[ODE] Framerate problem *again*
skjold@cistron.nl
skjold at cistron.nl
Wed Feb 12 06:31:02 2003
Hi Marco
> Hi (what's your name?)!!!
My name is Mark Meijer :)
> Thank you for your useful reply! You made me find a couple of bugs :)
> I didn't delete contact joints after every dWorldStep()! :)
> This was a bug, sure, but nothing has changed anyway. :(
Well, I had given that option some thought (to do multiple dWorldSteps per dSpaceCollide), and about whether to remove those contact joints early or not. The way I figured it is as follows (warning - long story ahead):
The timestep relevant to the simulation is the rate at which interaction (collision between bodies) takes place. This time-resolution at which action-reaction is determined, has consequences for the movements of those bodies which is calculated by dWorldStep. In effect, dSpaceCollide takes a sampling of the simulated world at a regular interval, and what happens in between the samplings is mathematically solved by dWorldStep.
So, let's say we have a time-resolution of 100 steps per simulated second (meaning dSpaceCollide samples the world at an interval of 10 milliseconds). Normally, you would call dWorldStep once right after calling dSpaceCollide, to solve that 10ms timespan in between collision testing. Finally you delete all the contact joints, and loop back to dSpaceCollide at the start of a new 10ms timespan. This means that those contact joints have 'existed' for 10ms in the simulated world.
The reason to do multiple dWorldSteps between dSpaceCollide is to improve accuracy of the calculated motion that results from all those forces in the simulation. It might as well have been integrated into ODE (perhaps an adaptive time-step behind the scenes, or a higher-order solver, for example), but in this case we need to do it ourselves. So let's say we call dWorldStep twice to solve that 10ms timespan, in other words we divide those 10ms into two 5-ms dWorldSteps.
Now here comes the big conclusion I made for myself (and I hope it makes sense): We are not actually increasing the time-resolution at which the world is sampled and interaction is determined (dSpaceCollide), so it seems logical that the contact joints should still 'exist' during the whole 10ms timespan. In other words, the contact joints should then *not* be deleted after the first call to dWorldStep. That would leave the second call to dWorldStep without contact joints, but we already know that ODE can take multiple steps to recover from inter-penetration constraint violations, which means it needs those contact joints during the second dWorldStep call also. I think...
At least, this was my theory :o) but I tried this and it only resulted in the rigid bodies to jerk around incoherently (it became worse the more dWorldSteps I did per timespan).

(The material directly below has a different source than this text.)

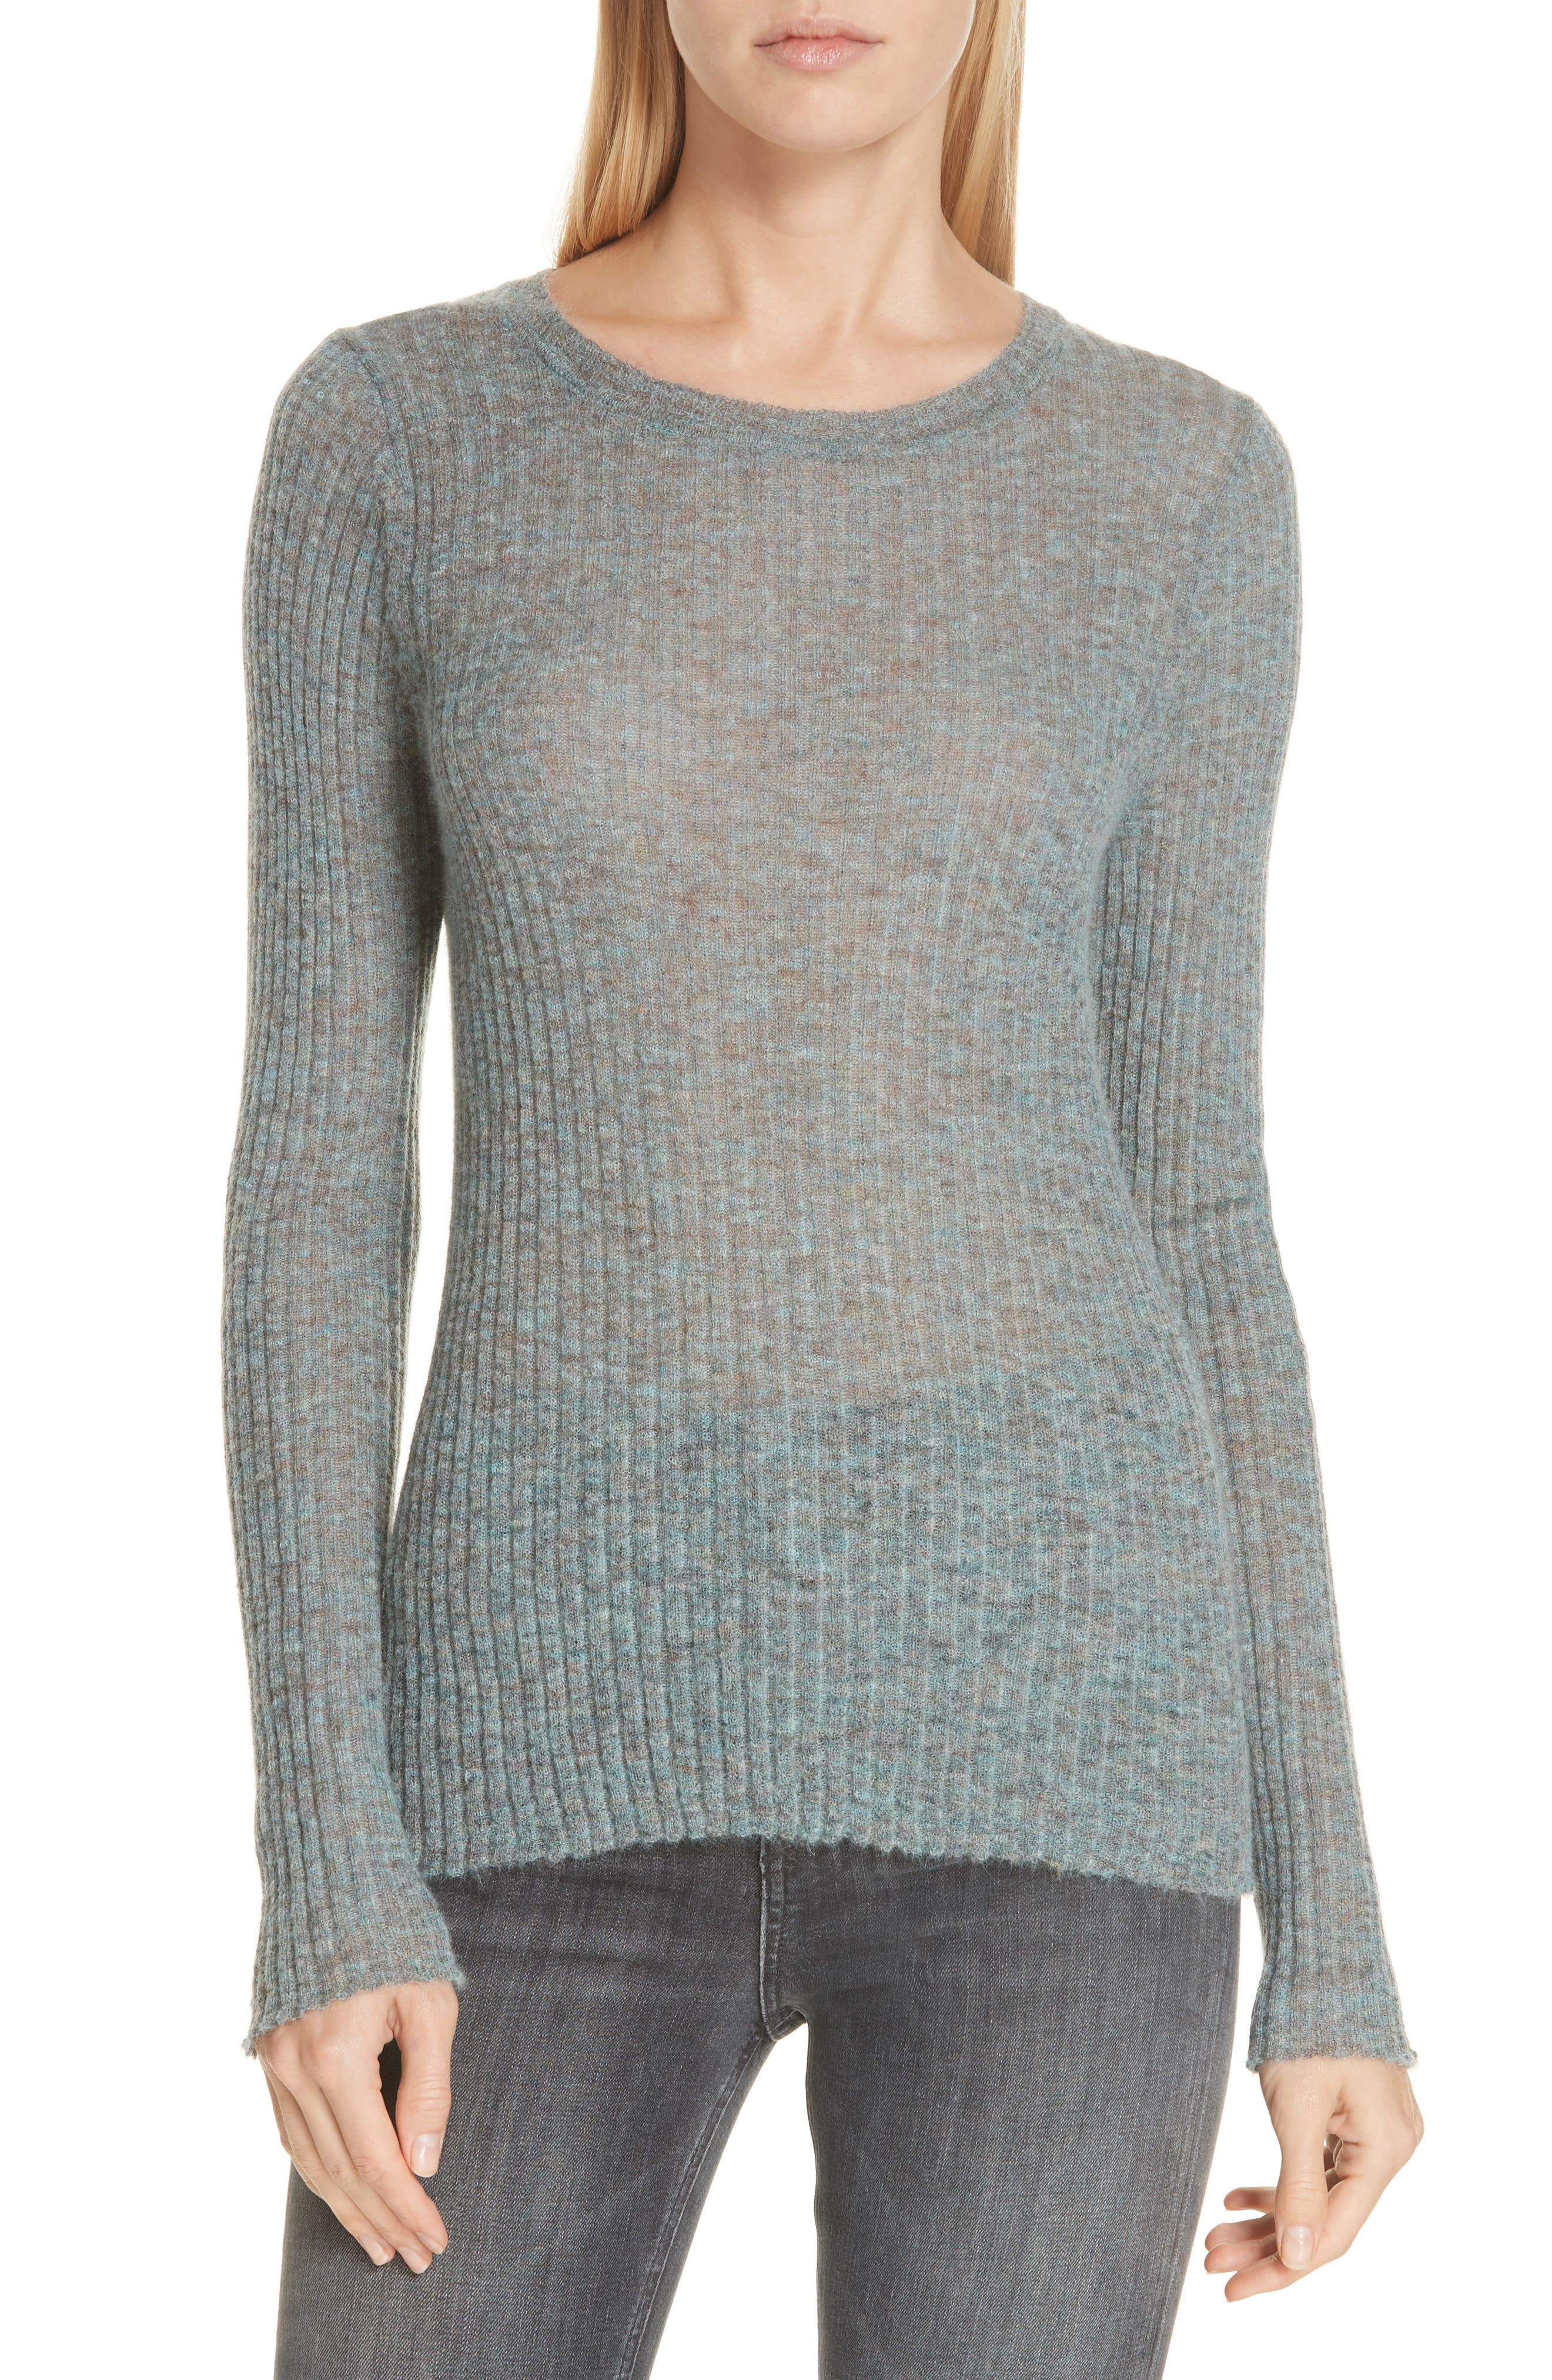 Rag & Bone Donna Mohair & Wool Blend Sweater, Blue

So I decided not to do that anymore. Anyway, that's a long story for a small conclusion :P But I thought maybe it would shed some light on the subject. If anyone knows why my reasoning is wrong, I'd be happy to hear about it.
> The big bug is still there though.
Come to think of it: Could it be that your "frame of the missing collision" is a call to dWorldStep without a preceding call to dSpaceCollide? Just a wild thought.

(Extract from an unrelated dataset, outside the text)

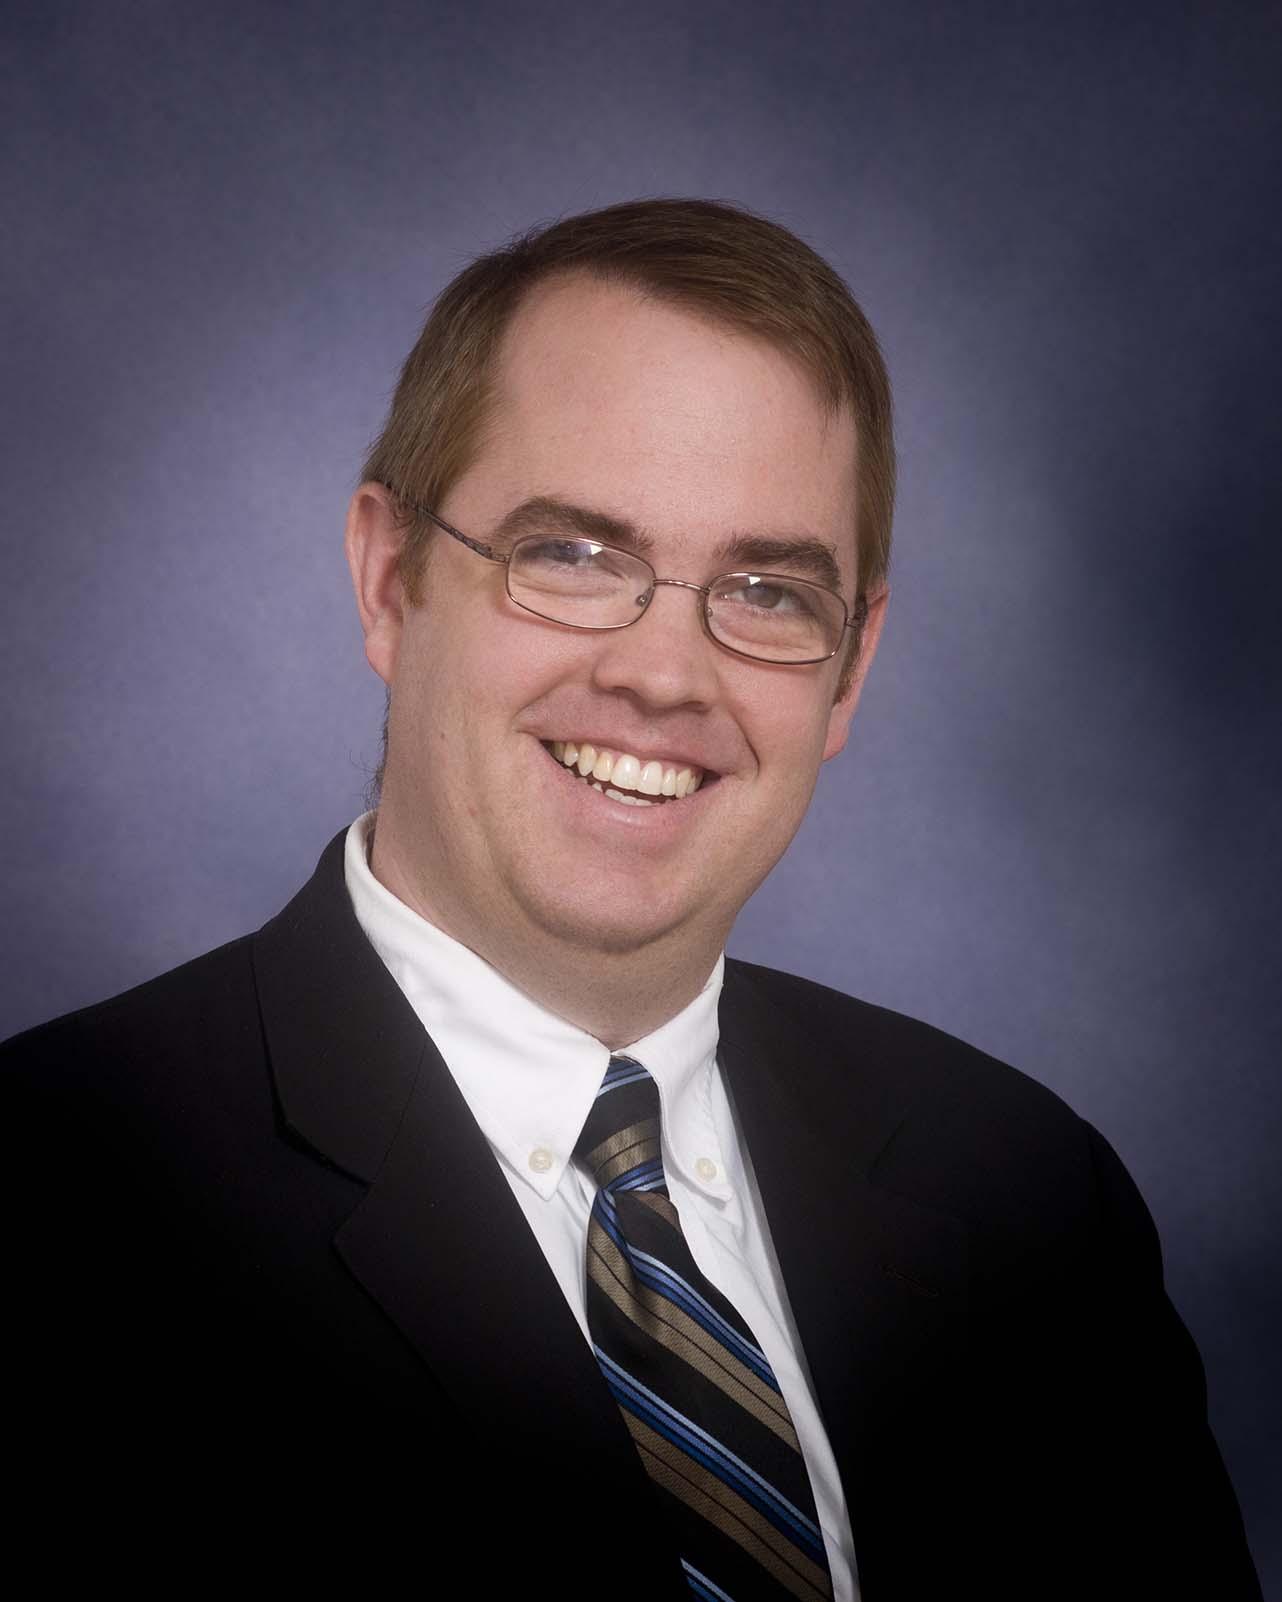 Todd Sivia, Managing Partner of Sivia Law

> By the way I would like to ask you:
>
> - You say ODE could take more than one frame to bounce off. Ok. But
> I have to create contact joints in the NearCallback every frame the
> bouncing goes on? Or only the first one?
Yes, you create those contact joints every frame. That's because, first of all, you delete those contact joints at the end of each frame, and second of all the contact properties change every frame (which is represented by creating a new joint for it every frame). In essence, no contact info is preserved from one frame to the next, so each frame starts with a rigid-dynamics state and a clean contacts-slate... So to speak. :P
> - If I have to create joints EVERYTIME a collision is detected during
> a bouncing, what happens if I change bouncing parameters between?

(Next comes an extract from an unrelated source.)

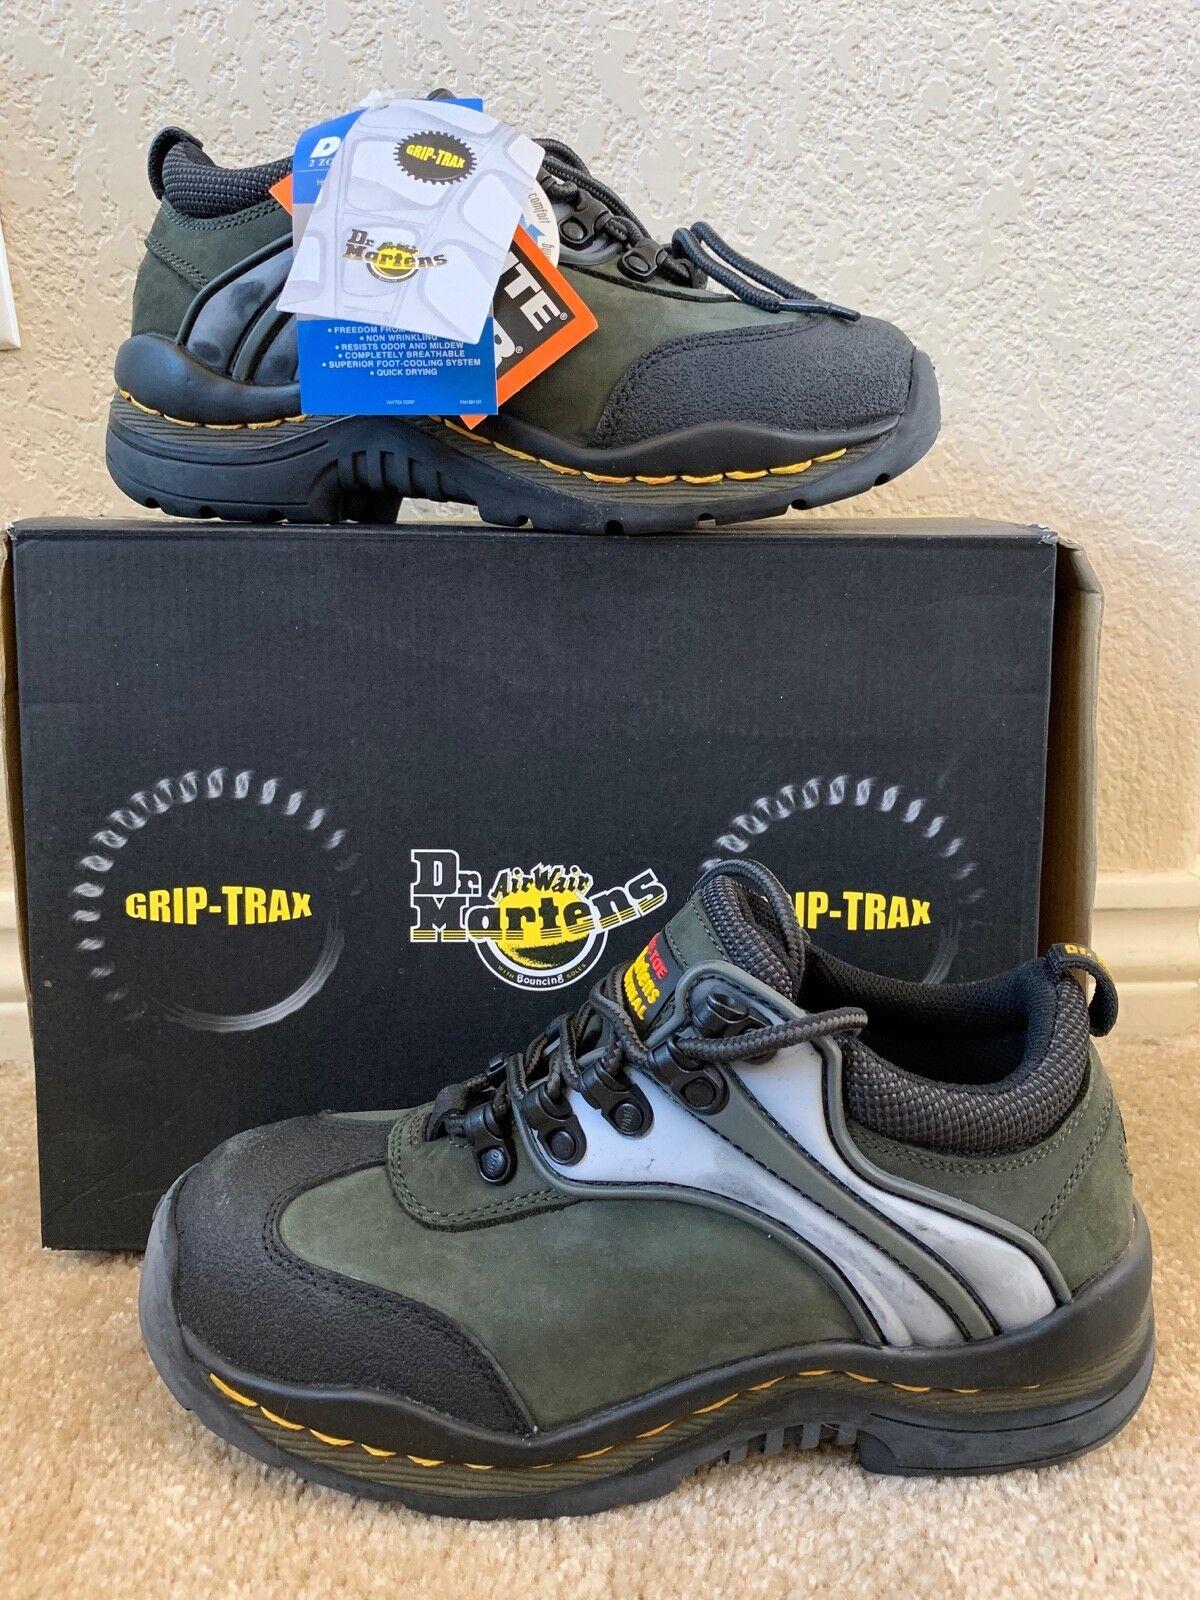 Dr. Martens Men's Steel Toe Vintage Industrial Boot Sneakers

If you change bouncing parameters for the same pair of colliding bodies, then they will probably not bounce very naturally, in other words it would effectively foil the simulation. What the exact resulting behaviour would be depends on how you change the parameters, I guess. I suspect ODE can handle it normally, since it views all contacts in a single frame as a new and unique set of contacts from the previous frame.
> - Is actually ONE the call to NearCallback that affect the bouncing or
> all the group of calls are important?
The callback is called for every pair of potentially colliding bodies. That means you might get a lot of calls that actually do nothing. But if any single call does actually cause a collision contact to be made, it will always involve at most two bodies. The dCollide function can generate several contacts, but they all relate to the same pair. If more than two bodies collide, then your callback is called at least twice (at most once for each pair, plus any "false alarms").
> I'm trying to log all the info again and figure out what happens
> exactly in my NearCallback that's a bit complex now.
Maybe you could post the code of your callback?